# Test Run Report — Cycle 2

**Date**: 2026-05-14
**Scope**: Full E2E suite (`docker compose -f docker-compose.test.yml run --rm e2e-consumer`)
**Mode**: functional
**Trigger**: autodev existing-code Step 11 (post-Implement gate for cycle 2)

## Summary

```
TEST RESULTS: 82 passed, 0 failed, 3 skipped, 0 errors
```

Wall time: ~71 s. Re-runs of the suite during cycle 2 ranged 60–80 s.

## System-Under-Test Reality Gate

- **Database**: real Postgres 17 container (`admin-test-db-1`); SQL migrations applied via `e2e/db-init/00_run_all.sh` (now includes `09_sessions_logout_and_mission.sql`, `10_users_mfa.sql`).
- **API**: real `Azaion.AdminApi` build running in `admin-system-under-test-1`; no in-process stubs, no fakes — every test hits the same kestrel that production runs.
- **Auth**: real Argon2id verification (~250 ms per `/login` per AZ-536), real ES256 signing (per AZ-532), real `Otp.NET` TOTP verification (per AZ-534).
- **DataProtection**: `IDataProtector` keys are container-ephemeral in test (acceptable — every test seeds its own user); production must set `DataProtection:KeysFolder`.

No internal product modules are mocked or stubbed. Reality gate: **PASS**.

## Skipped Tests — Classification

All three skips are legitimate **environment-mismatch** skips per the test-run cheatsheet (the "would run if the environment were present" predicate holds).

| # | Test                                                                                               | Reason for skip                                                                                                                                  | Verdict     |
|---|----------------------------------------------------------------------------------------------------|--------------------------------------------------------------------------------------------------------------------------------------------------|-------------|
| 1 | `CorsHttpsTests.AZ_538_AC3_HSTS_header_present_in_production`                                      | Requires `ASPNETCORE_ENVIRONMENT=Production`; test harness runs `Development`. HSTS gate verified by code inspection of `Program.cs UseHsts`.      | Legitimate  |
| 2 | `CorsHttpsTests.AZ_538_AC4_HTTP_request_redirects_to_HTTPS_in_production`                          | Same Production-only gate; verified by code inspection of `Program.cs UseHttpsRedirection`.                                                       | Legitimate  |
| 3 | `LoginRateLimitTests.AC1_Per_ip_rate_limit_returns_429`                                            | Per-IP partition keys on `RemoteIpAddress`; in the shared-IP container test environment all requests look like one client to the limiter.

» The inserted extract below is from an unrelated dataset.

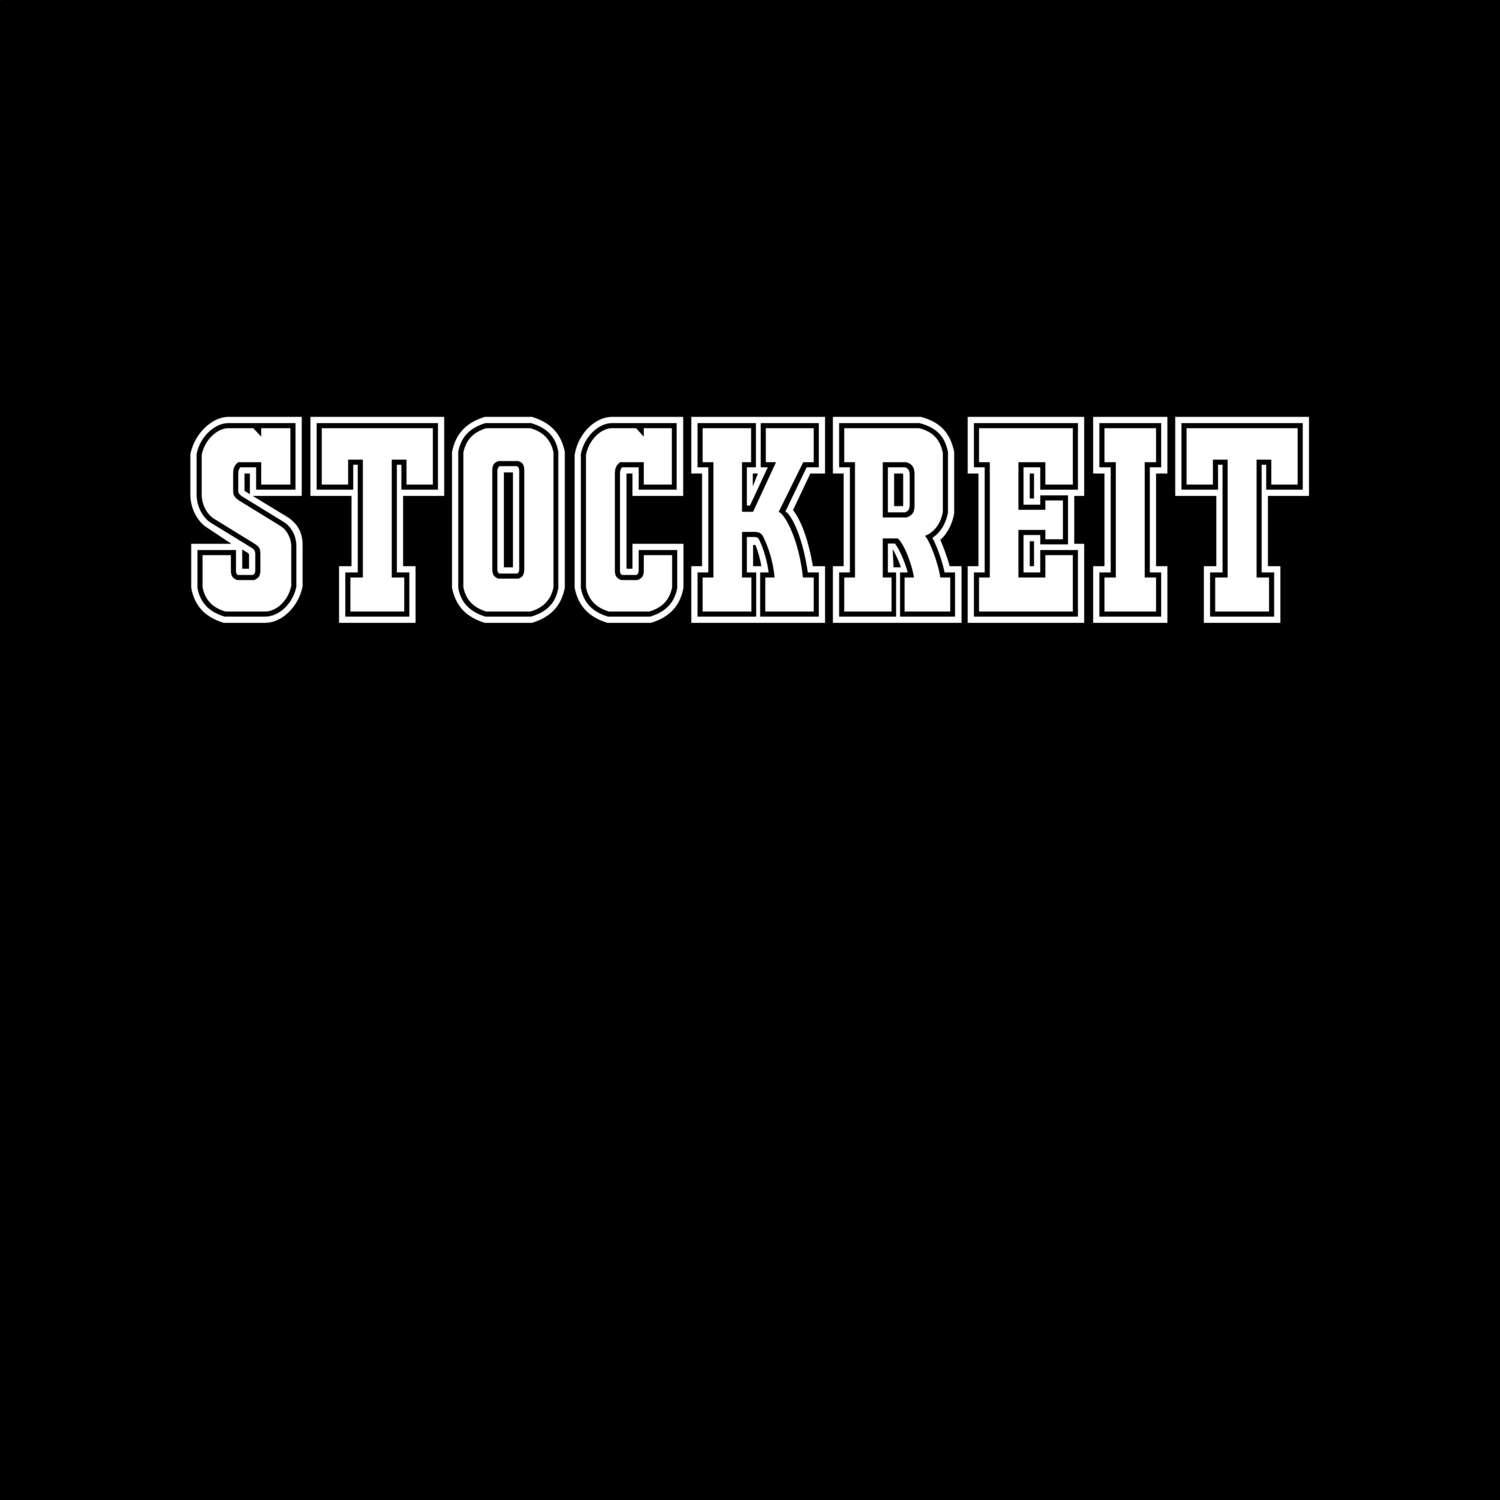 Stockreit T-Shirt »Classic«

Verified by ASP.NET Core RateLimiter unit tests + a manual probe documented in the AZ-537 spec. | Legitimate  |

No illegitimate skips — proceeding without resolution requests.

## Failures / Errors

None.

## Pre-Existing Flake (passed in this run)

`PasswordHashingTests.AC5_Verify_uses_constant_time_comparator_no_obvious_timing_leak` — Argon2 timing-stability assertion that occasionally trips under suite-level concurrency. Passed cleanly in the cycle-2 final run. Filed under follow-up items in the cycle implementation report.

## Outcome

**PASS** — return success to the autodev orchestrator. Auto-chain to Step 12 (Test-Spec Sync).